U.S. sow slaughter during September to November was up 30,000 sows or 4.3% compared to a year earlier. Imported sows for slaughter were up 1,130 sows or 1.1%. Thus, net slaughter of U.S. sows was up 28,900 or 4.8%. Given 28,900 more sows slaughtered, no change in on-farm death loss, and a 2,000-head increase in the breeding herd, then the number of gilts added to the breeding herd during September to November was 30,900 more than a year ago.
A number of revisions to earlier estimates are likely to be made in Friday’s report.
Slaughter of barrows and gilts during the 13 weeks of fall was up 1,401,570 head (4.88%) compared to a year ago. The number of barrows and gilts imported for slaughter from Canada during this period was down 77,768 head. This means slaughter of U.S. raised barrows and gilts was up by 1,479,338 head. That is 5.18% more than a year ago and 1.57% (448,000 head) more than implied by the September Hogs and Pigs report. Therefore, in Friday’s report USDA is likely to revise upward their Sept. 1 market hog inventory, the spring (March to May) pig crop and the number of litters farrowed. Look for the March-to-May pig crop to be increased by about 1.5%. Since USDA rarely revises their estimate of pigs per litter, look for March-to-May farrowings to also be increased by 1.5%. USDA is also likely to increase lightweight market hog inventory in the June estimate and the heavy weight inventory in their September estimate.
What does it all mean? If the trade forecasts are right, then 2017 hog production will be record high for the second year in a row.

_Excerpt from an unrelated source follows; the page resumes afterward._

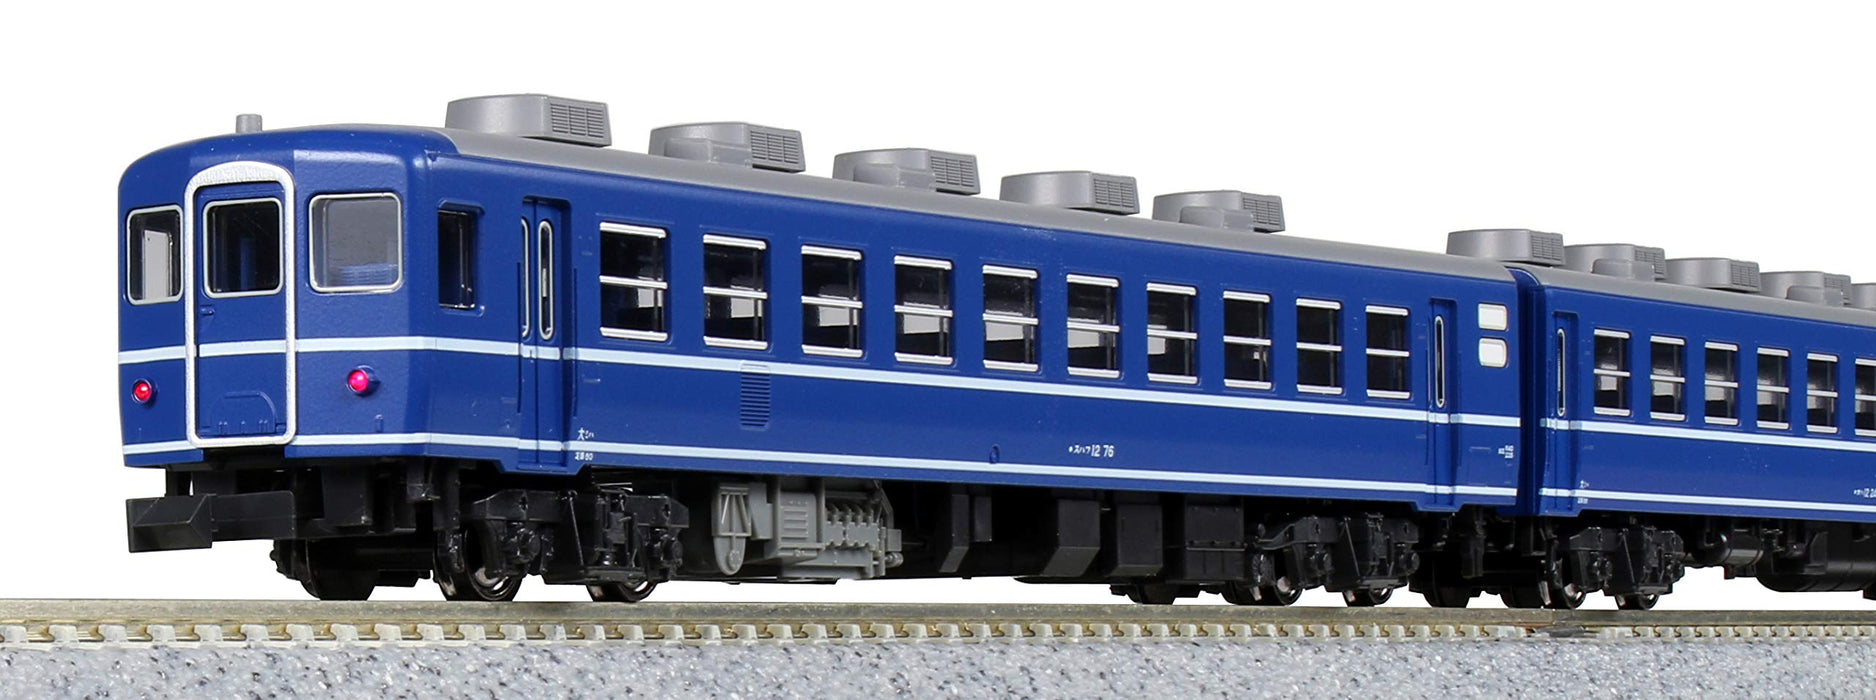 Kato Spur N Serie 12 6-Wagen-Express-Personenzugset, JNR-Spezifikation, Eisenbahnmodell 10-1550

If trends continue on pigs per litter and hog imports from Canada, then the pre-report survey implies first quarter hog slaughter should be up about 2.0%, second quarter up 1.6%, and third quarter up 0.8%. For the fourth quarter of 2017 I’m going with a forecast of a 1.1% increase in hog slaughter. For all of 2017, hog slaughter is likely to be up about 1.4%.
Given all the red ink in recent months, increased hog slaughter in 2017 may seem unlikely. But, the construction of two new slaughter plants makes this a reasonable possibility.